Отчаянию Гойи, его возмущению против судьбы не было предела. От смертного одра девочки он убежал к себе в мастерскую и там клял святых, которые не захотели ему помочь, клял себя, клял ее, виновницу всего, ведьму, девку и герцогиню, ради своей барской прихоти и утехи вынудившую его пожертвовать любимой дочкой. Вернувшись к постели покойницы, он вспоминал, как мучилась девочка от страшных приступов удушья и как он смотрел на нее, не в силах облегчить ее муки. Его тяжелое волевое лицо превратилось в маску беспредельной скорби; ни один человек не выстрадал столько и не страдал так, как он. Потом он опять убежал в мастерскую, и боль его обратилась в ярость, в жажду мести, в потребность кинуть ей, окаянной, в ее надменное кукольное личико весь свой гнев, все презрение и осуждение.
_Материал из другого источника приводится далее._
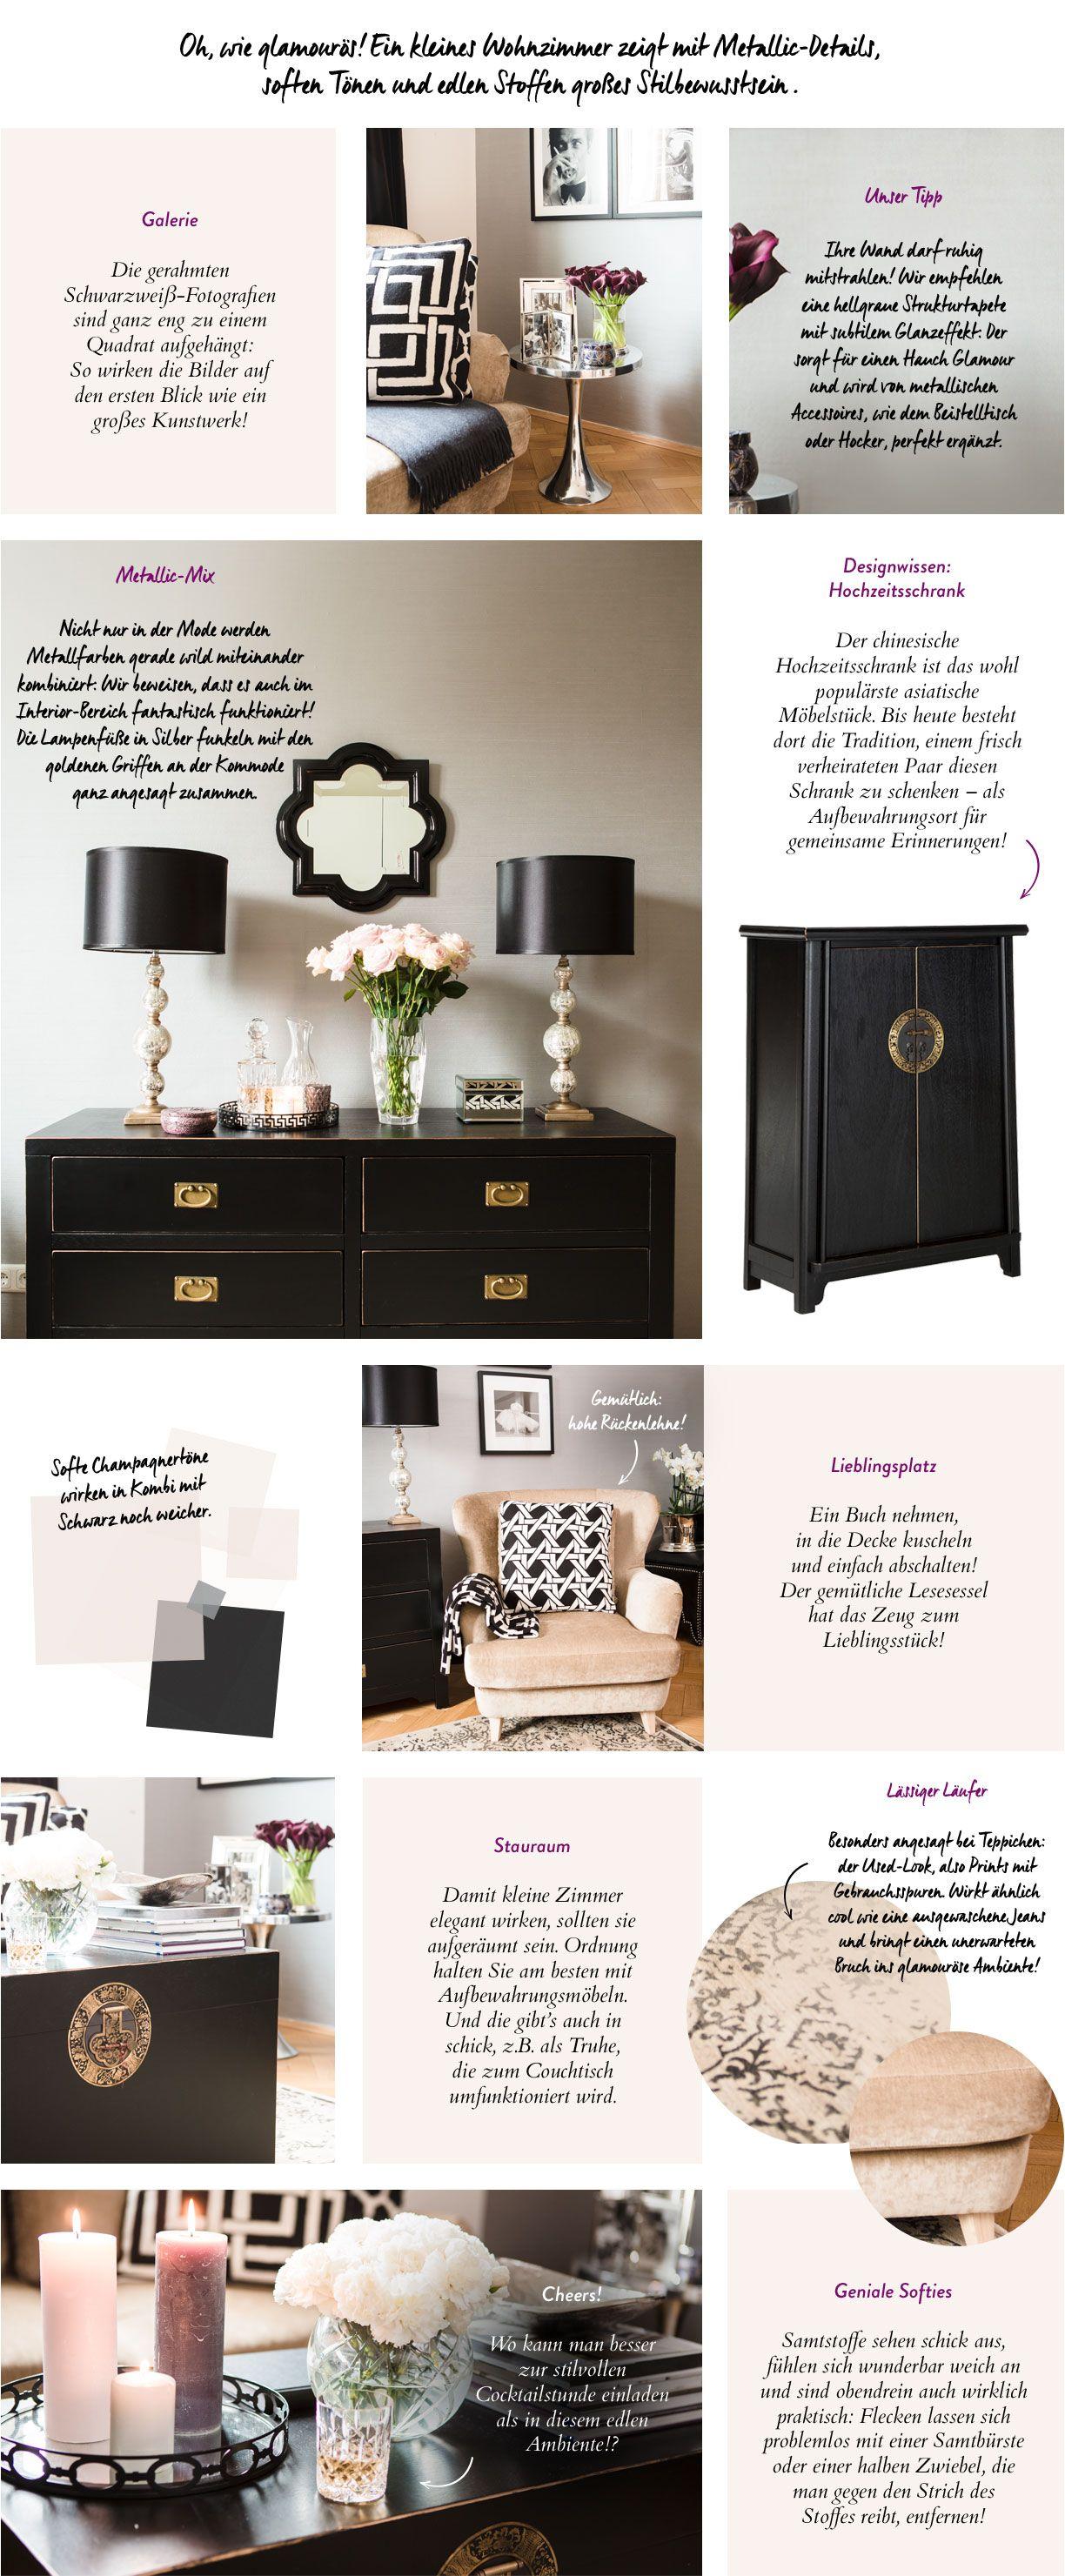 Kleines Wohnzimmer, Salon, Edel, Grau, Schwarz, Gold, Champagner, Rosa

Агустин почти не отходил от него. Но старался быть незаметным, говорил только самое необходимое, казалось, будто он ходит на цыпочках. Не спрашивая, он на свою ответственность решал все дела, которых именно сейчас накопилось особенно много. На Франсиско благотворно действовало такое участие. Он был признателен Агустину за чуткость, за то, что друг не пытается утешить его пошлыми доводами рассудка.

Хосефа была почти неприятно поражена, когда он устроил Элене похороны, достойные инфанты.

После погребения они сидели в полутемной зале, где были задернуты занавеси. Многие приходили выразить им сочувствие. На второй день Гойе стали нестерпимы бездушные, нарочито печальные физиономии посетителей, и он ушел к себе в мастерскую. Там он то садился, то ложился, то бегал, не находя покоя. Принимался набрасывать карандашом свои видения, рвал бумагу, не кончив рисунка.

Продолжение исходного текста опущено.